Return the listing below verbatim. Pictures do not belong in the copy.

----- Data section

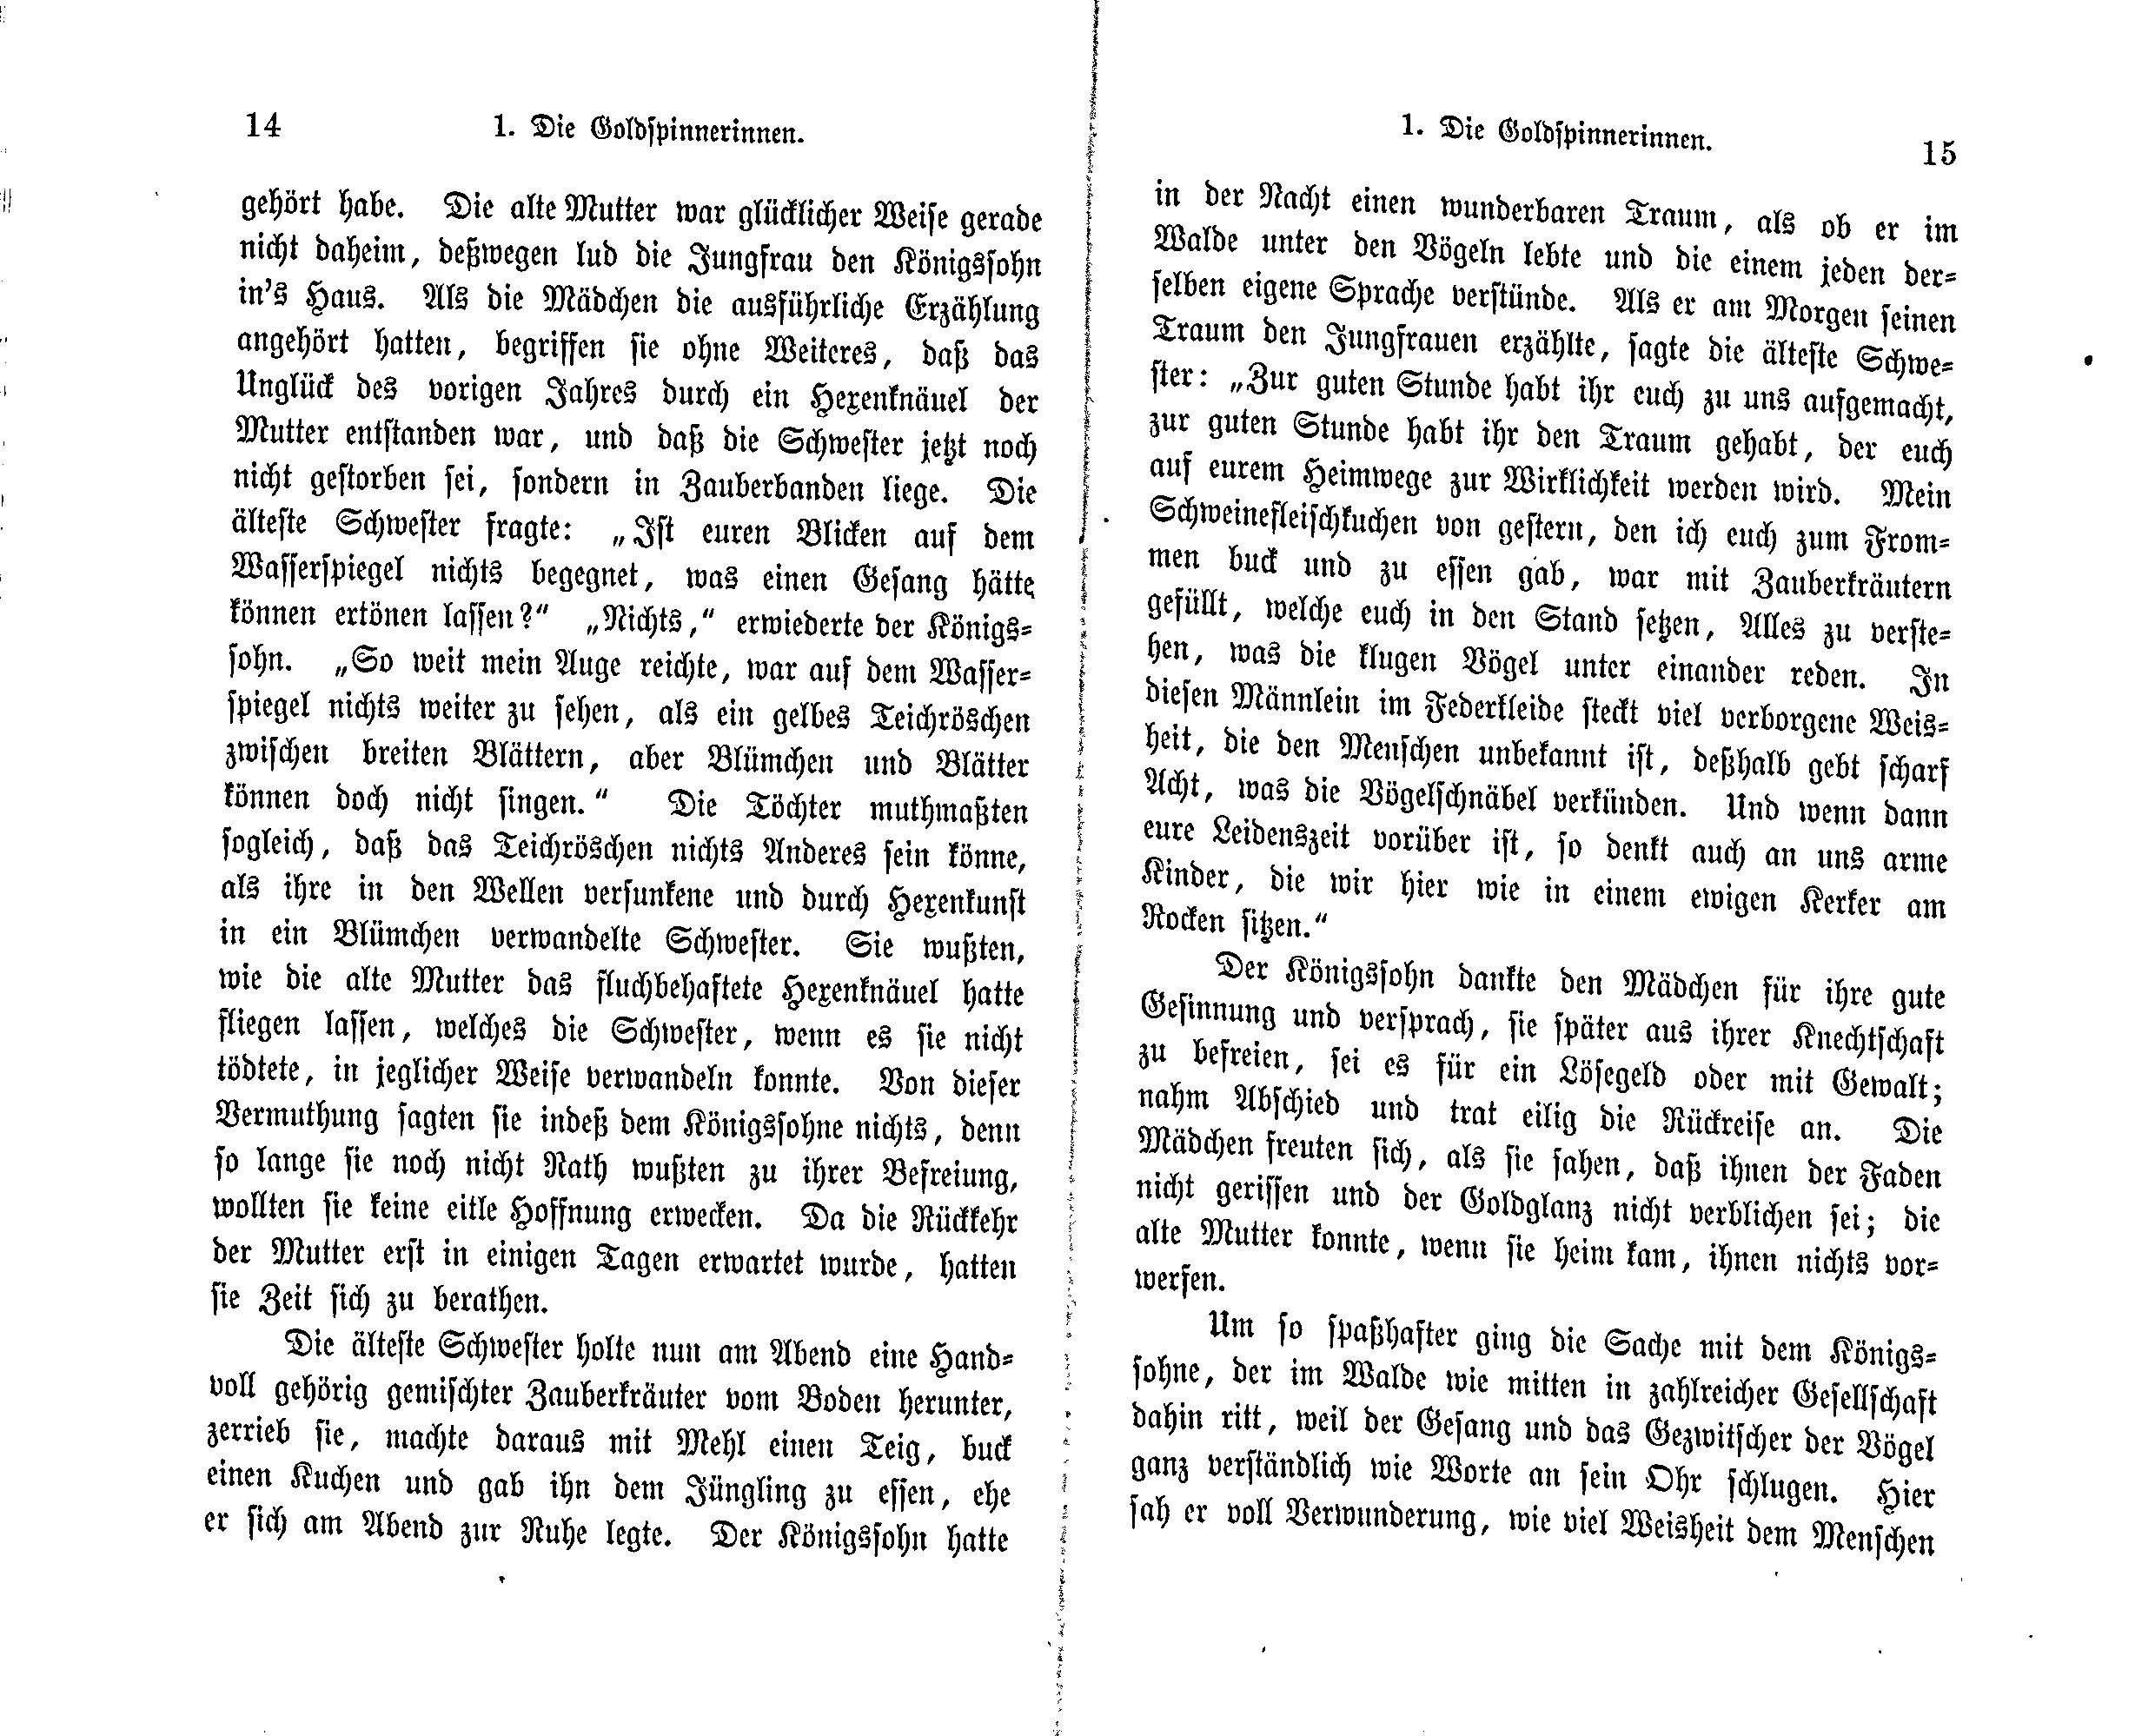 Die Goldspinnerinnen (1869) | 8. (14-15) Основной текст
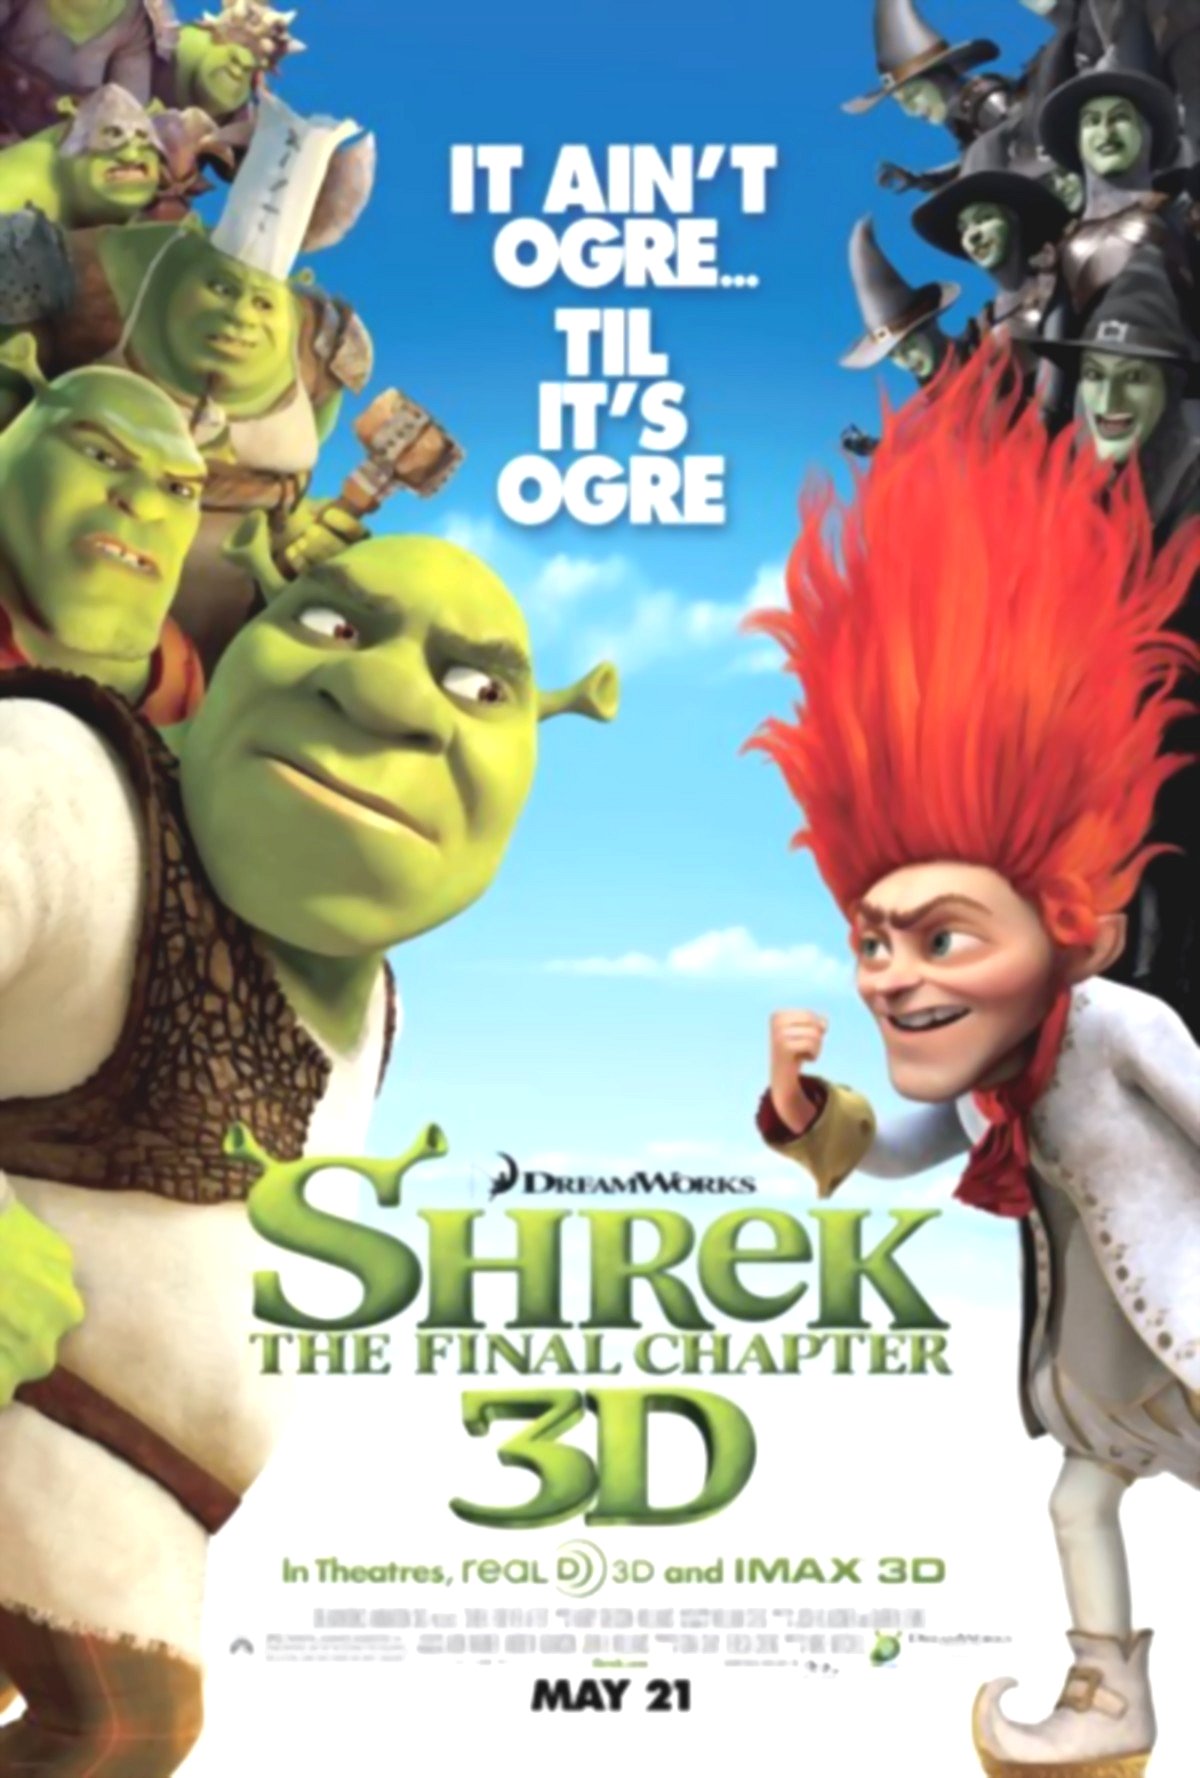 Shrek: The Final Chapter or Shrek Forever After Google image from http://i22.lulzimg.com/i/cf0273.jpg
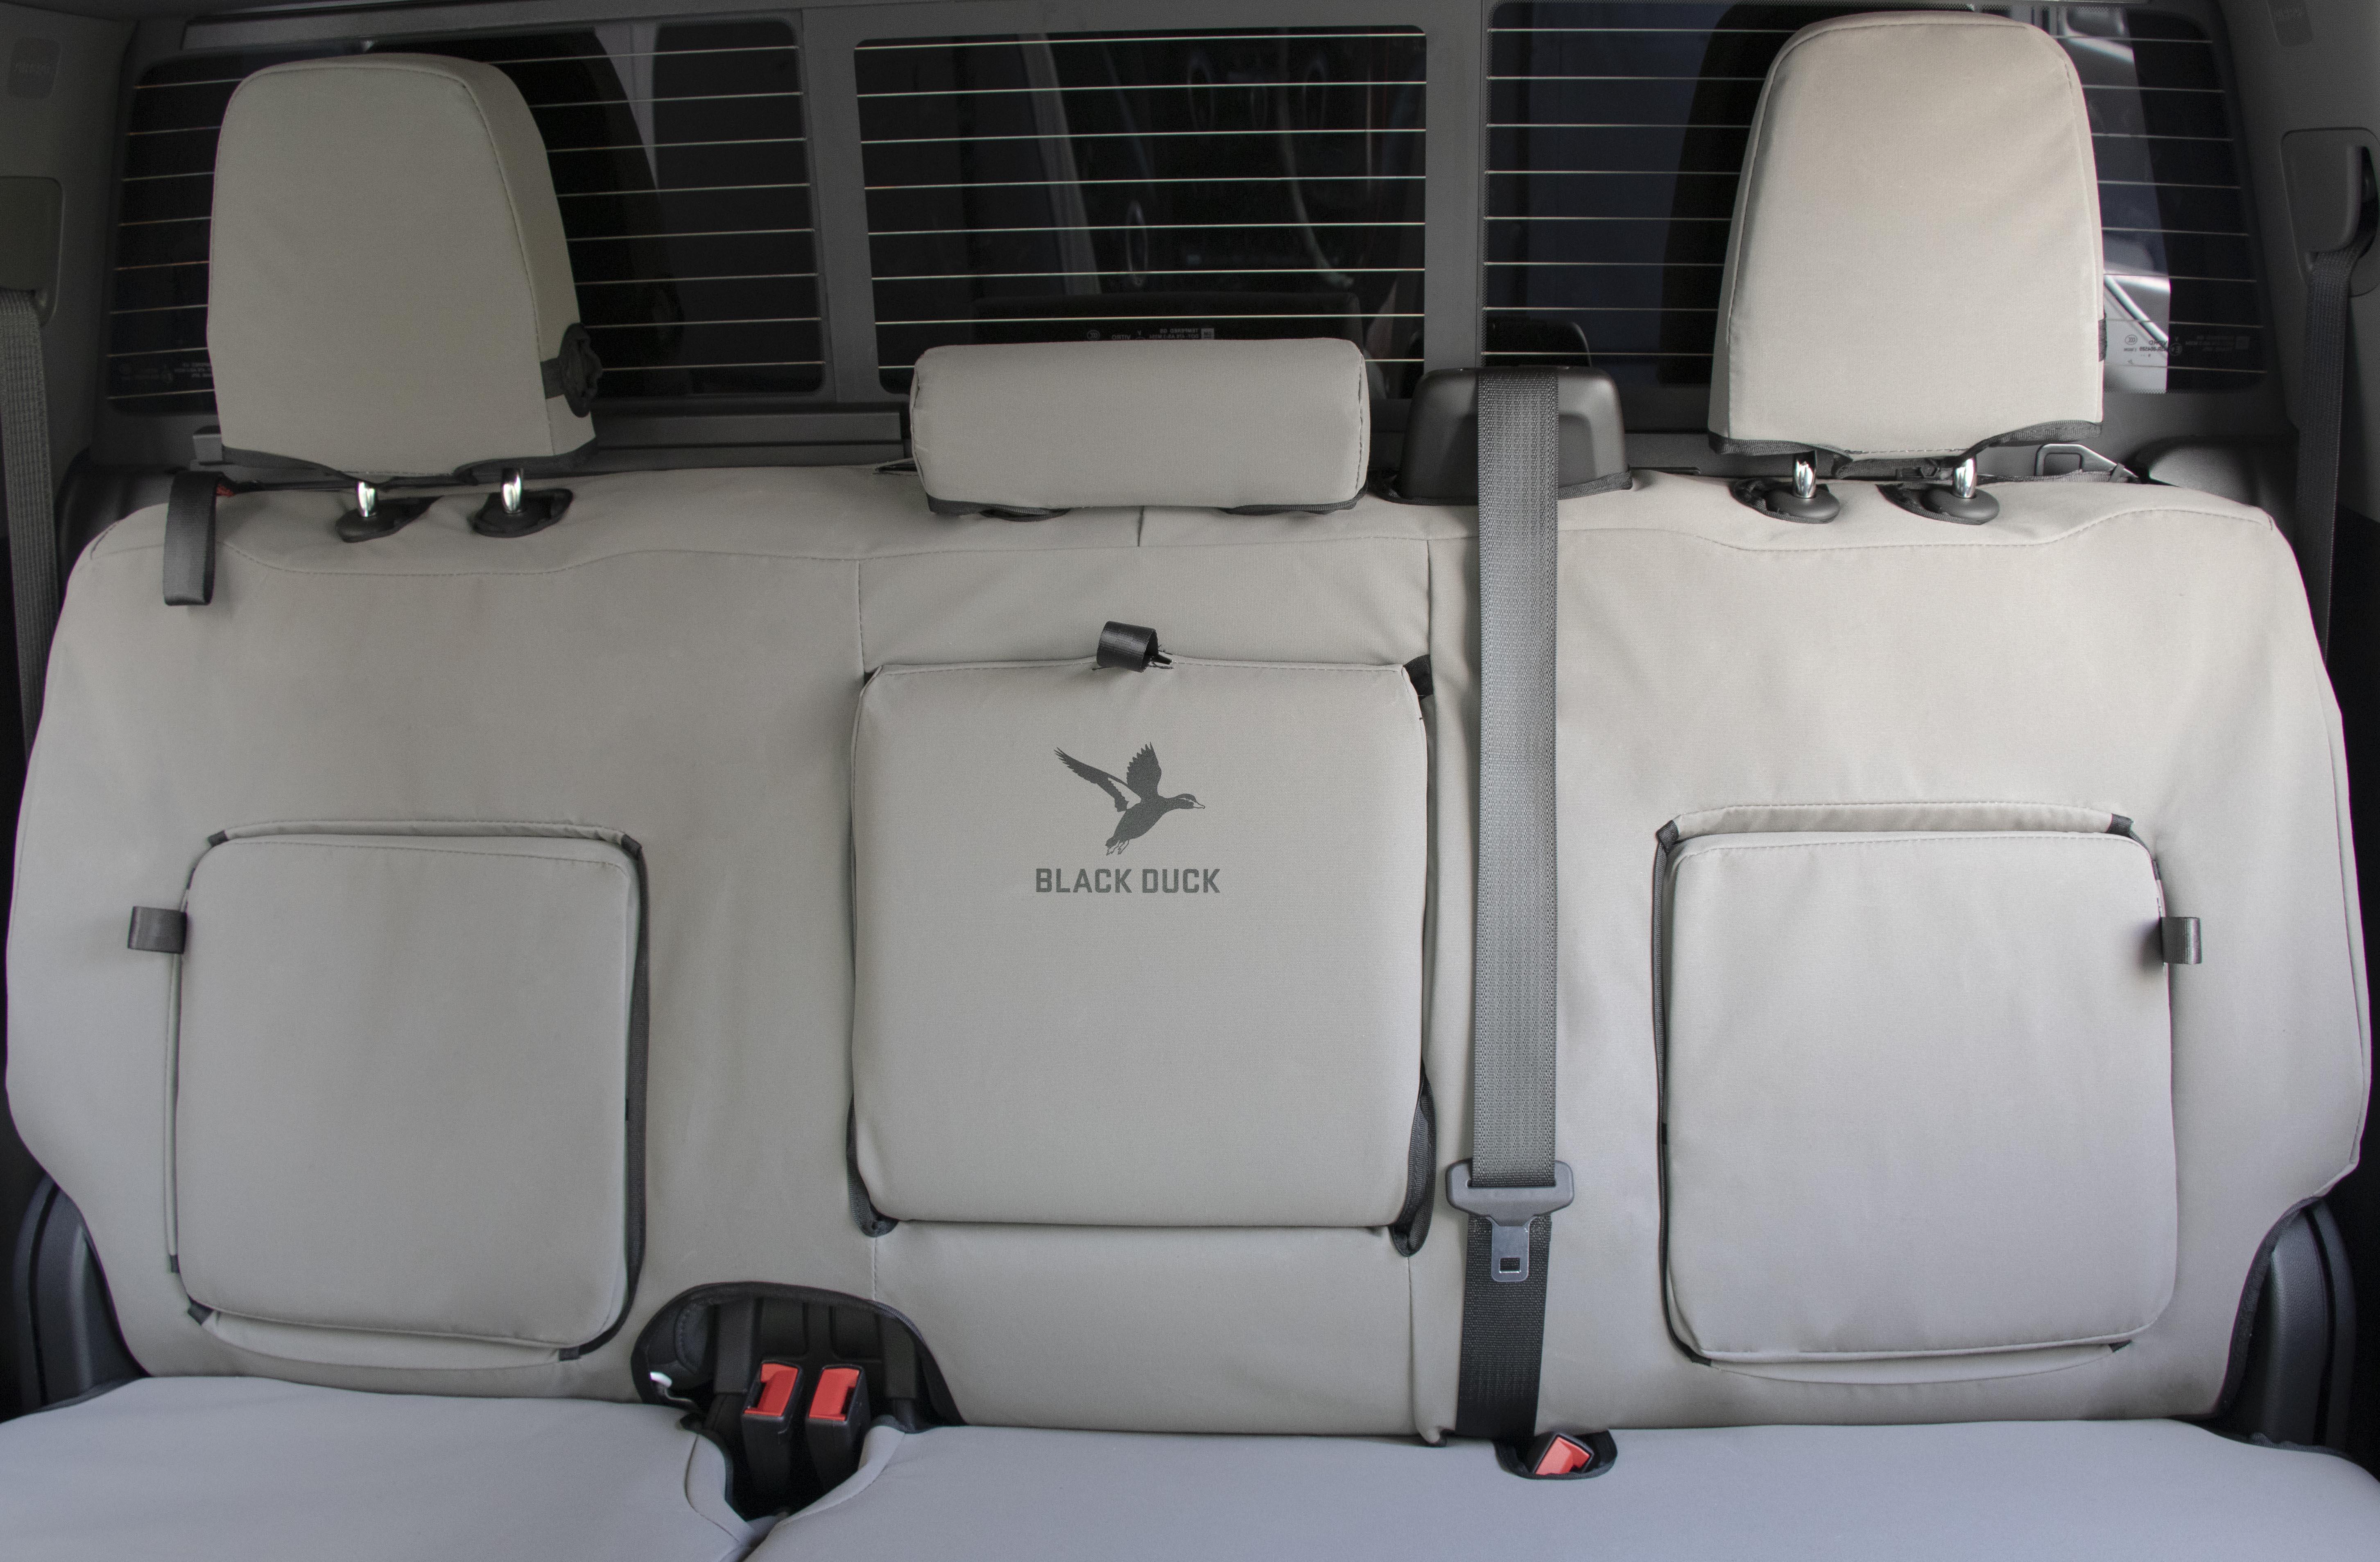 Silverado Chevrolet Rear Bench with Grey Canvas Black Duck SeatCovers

----------

**Output for this exercise**
 Die Goldspinnerinnen (1869) | 8. (14-15) Основной текст
 Shrek: The Final Chapter or Shrek Forever After Google image from http://i22.lulzimg.com/i/cf0273.jpg
 Silverado Chevrolet Rear Bench with Grey Canvas Black Duck SeatCovers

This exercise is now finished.